7) Matrix: The mass of acromatic material that surrounds the chromonemata is termed as matrix. The matrix is surrounded in a sheath that is termed as pellicle. Both the matrix and pellicle are non genetic materials and appear only at metaphase, when the nucleolus disappears.
Composition of chromosomes:
The material of which chromosomes are composed is termed as chromatin. N. Fleming proposed the word chromatin in the year 1879. Chromatin was categorized into two groups by means of cytologists on the basis of its affinity to basic dyes such as acetocarmine or feulgen (that is, basic fuchsin) reagent at prophase. The darkly stained areas were termed as heterochromatin, whereas lightly stained areas were termed as euchromatin. This differential staining capacity of dissimilar parts of chromosomes is termed as 'heteropycnosis'. Generally heterochromatin is found in the centromeric and telomeric areas and these areas of chromosome usually replicate later than the euchromatic areas of chromosomes.
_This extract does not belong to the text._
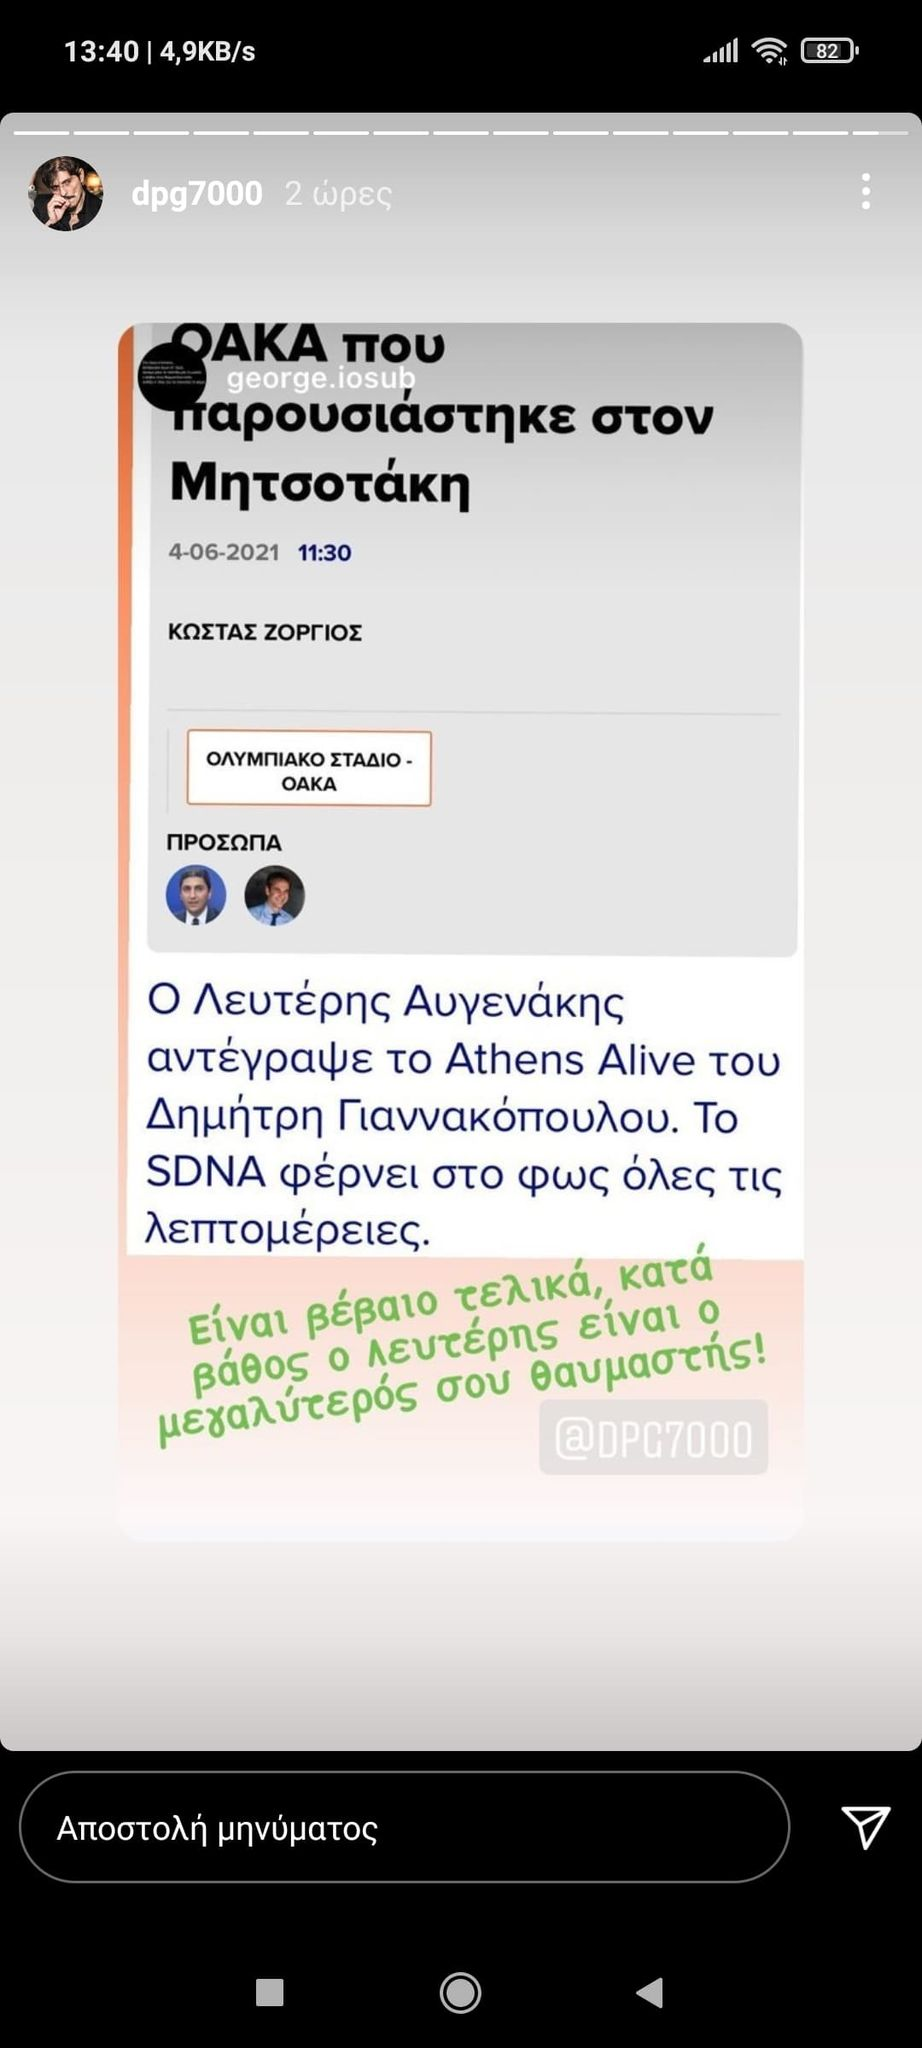 «Λευτέρης Αυγενάκης, ο μεγαλύτερος θαυμαστής του Δημήτρη Γιαννακόπουλου - Ο λόγος»

The genes in the heterochromatic areas are generally inactive. Mainly, the genome of an active cell is euchromatic and the genes within this euchromatic area are expressed. Heterochromatin is further categorized into two groups: a) Constitutive and b) Facultative heterochromatin.
Special types of Chromosomes:
A few tissues of certain organisms have chromosomes that differ significantly from normal chromosomes in terms of either morphology or function. Such chromosomes are termed to as special chromosomes. The following are comprised beneath this group:
1) Giant chromosomes or polytene chromosomes:
These were primary discovered by E. G. Balbiani in the year 1882 in Dipteran salivary glands and therefore generally termed as salivary gland chromosomes. Such chromosomes replicate repeatedly however the daughter chromatids don't separate from one other and the cell as well doesn't divide. This phenomenon is termed as endomitosis or endoreduplication. It outcomes in the formation of numerous stranded giant chromosomes termed as polytene chromosomes and the condition is termed as polyteny. Their size is 200 times or more than the normal somatic chromosomes (or autosomes) and much thick. Therefore they are termed as giant chromosomes. Such chromosomes are somatically paired and their number in the salivary gland cells for all time appears to be half of that in the normal somatic cells.
2) Lamp brush chromosomes:
These were first noticed by W. Fleming in the year 1882 and were explained in detail in oocyte of sharks by Rukert in the year 1892. They take place at diplotene phase of meiotic prophase in oocytes of all animal species. As they are found in meiotic prophase, they are present in the form of bivalents in which the maternal and paternal chromosomes are held altogether by chiasmata at such sites where crossing over has earlier occurred.
3) Accessory chromosomes:
In most of the species some chromosomes are found in the addition to normal somatic chromosomes. Such extra chromosomes are termed as accessory chromosomes or B-chromosomes or supernumerary chromosomes. Such chromosomes are mostly similar to normal somatic chromosomes in their morphology; however encompass some peculiar functional aspects.
4) Isochromosomes:
An isochromosome is the one in which two arms are similar by one other in gene content and morphology. Such a chromosome is in essence a reverse duplication with Centromere separating the two arms. Each and every isochromosome is Metacentric.
5. Allosomes or sex chromosomes:
Chromosomes varying in morphology and number in male and female are termed as allosomes. They are responsible for finding out of sex. Example: X and Y chromosomes in human beings and Drosophila.